Most particularly when we recall that curious story about Fulcanelli and Jacques Bergier:

Certain geometrical arrangements of highly purified materials are enough to release atomic forces without having recourse to either electricity or vacuum techniques.174

174 Pauwels, L, and Bergier, J., The Morning of the Magicians, (New York: Stein and Day. 1964) p. 77.


This will become even more significant further on.


Are there any clues about stones themselves being part of an ancient technology? At present, there are many people who claim that the megaliths are arranged around the world on a grid, the structure of which is, according to them, 36 degrees of longitude apart.


The assumption is that all of the megaliths belong to a single, pre-flood civilization. The assumption being made from this hypothesis is that the strange locations of these complexes implies that the purpose of the megaliths was not to derive power from a grid for local use, but rather, to do something to the earth grid by coordinating local actions on a global basis. In other words, the claim is that the megaliths appear to have been used to put energy into a global grid rather than to extract energy from it.

There are problems with this blanket assumption. First of all, while we do not think that the present scientific dating is reliable, we do think that some ball-park figures can be established if enough care is taken in observing individual situations and taking all the evidence into account. The undersea structures off Japan, Bimini, and Malta, as well as Tiahuanaco in South America, all suggest a civilization that belonged to a pre-cataclysmic environment.
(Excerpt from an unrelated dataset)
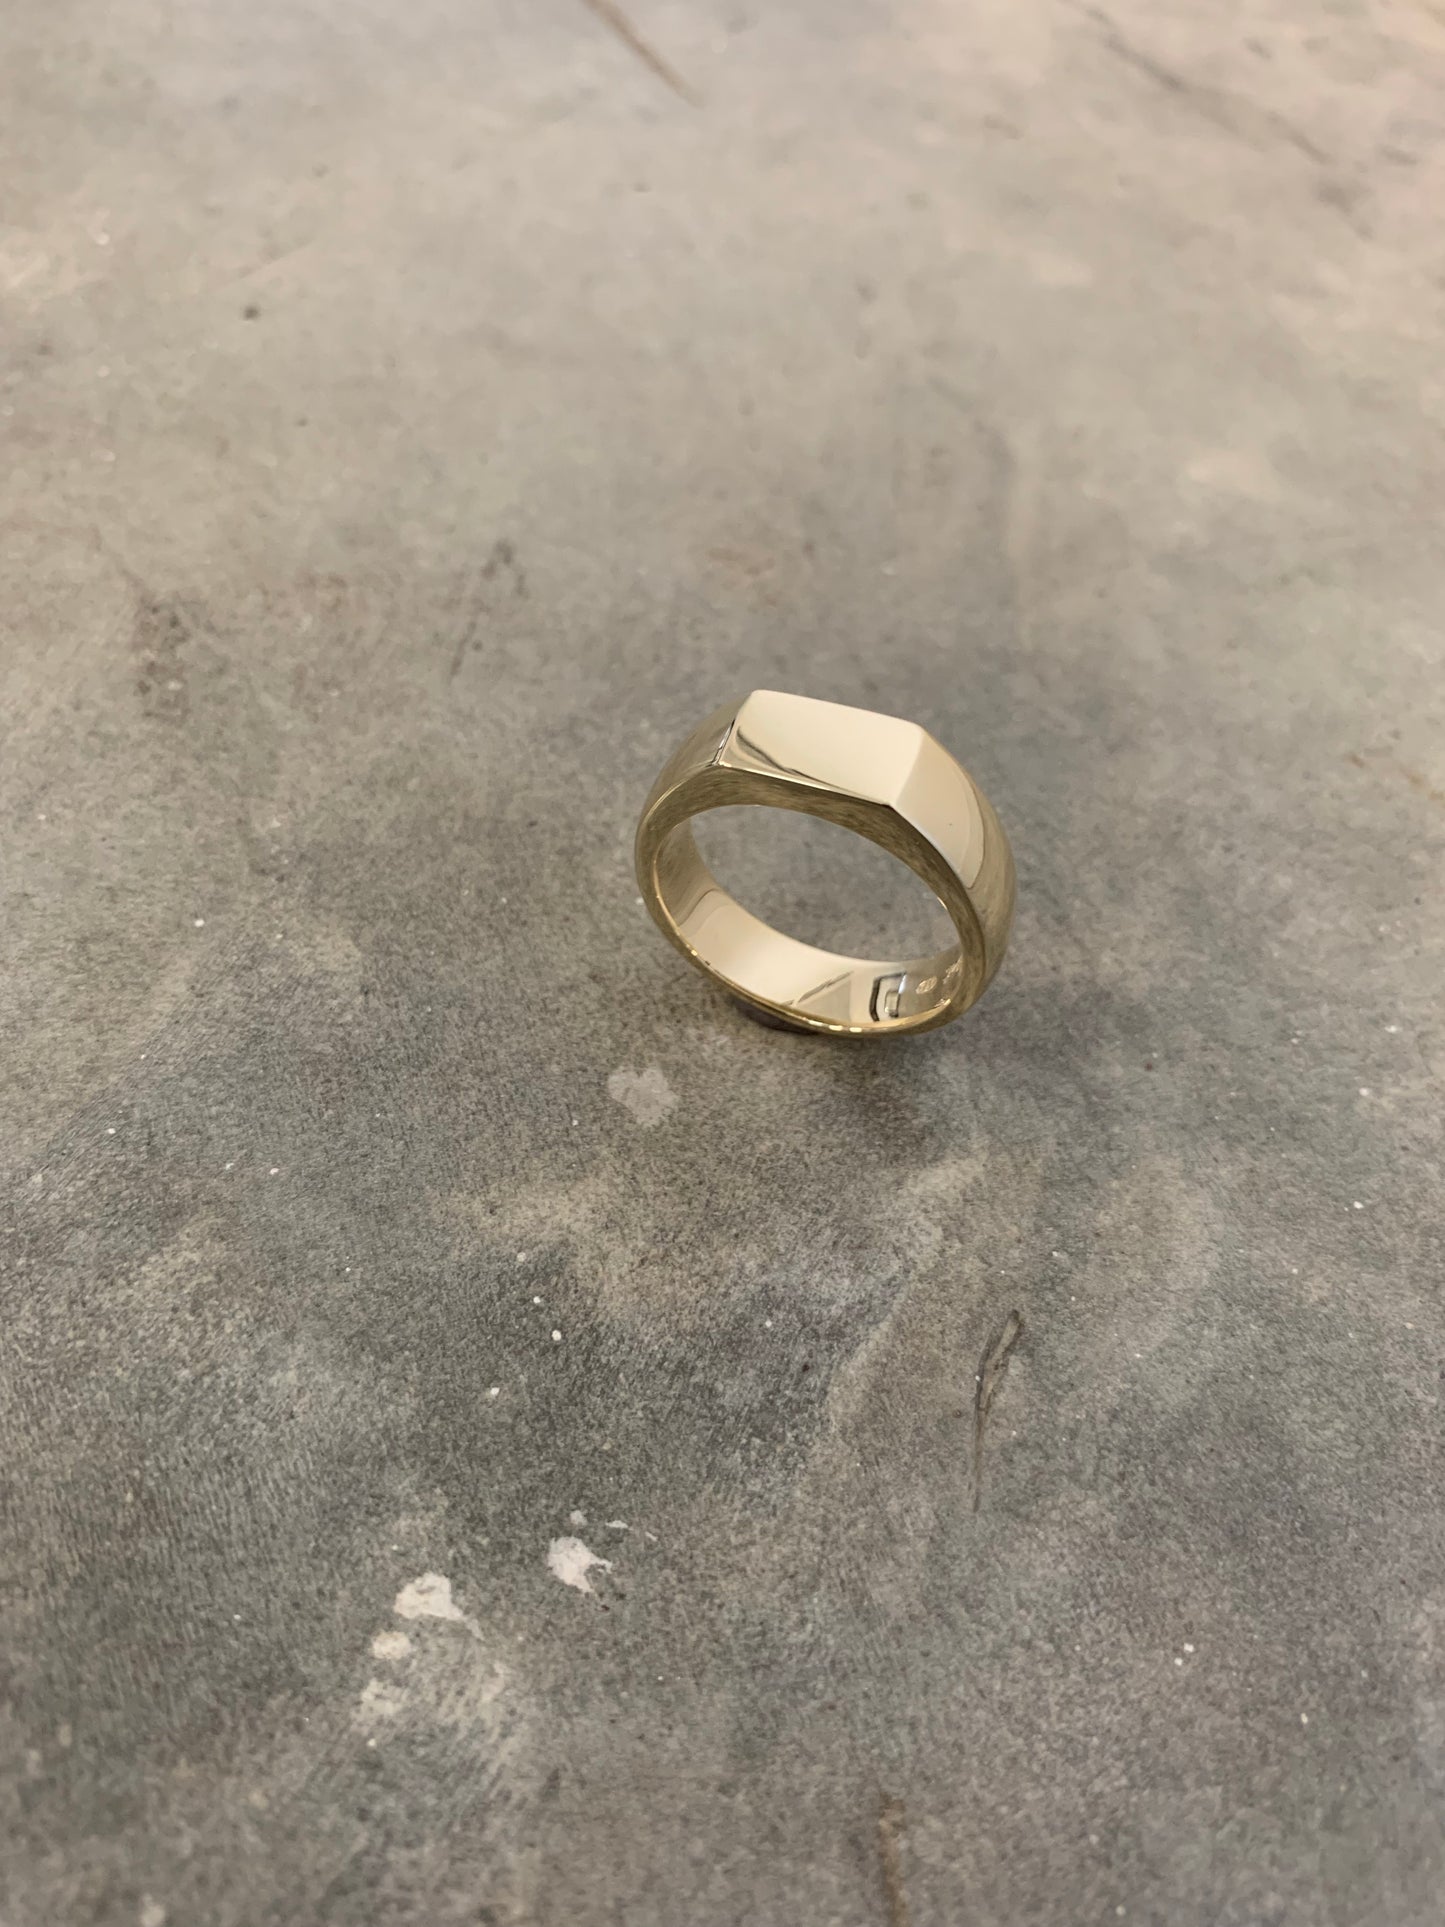 Gold Old Fashioned Ring

But many other megalithic structures clearly belong to an “eruption” of civilization in a postcataclysmic environment, including the pyramids in Egypt, Central America, Stonehenge, and so on. What is striking is the difference between the pyramidal groups and the “circle making” groups, though many current researchers are trying to connect them to the same basic philosophical context. I think that may be a mistake.

It has been proposed by the advocates of so-called Sacred Geometry that the placing of the megaliths was a function of “Grid Engineering”, and that this is mankind’s oldest science. Such people further claim that precise geometrical spherical versions of the cube, such as the tetrahedron, octahedron, icosahedron, dodecahedron, and other compound and semi-regular solids, such as the cuboctahedron, are now recognized as evidence of Neolithic man’s familiarity with the concepts of this putative sacred geometry.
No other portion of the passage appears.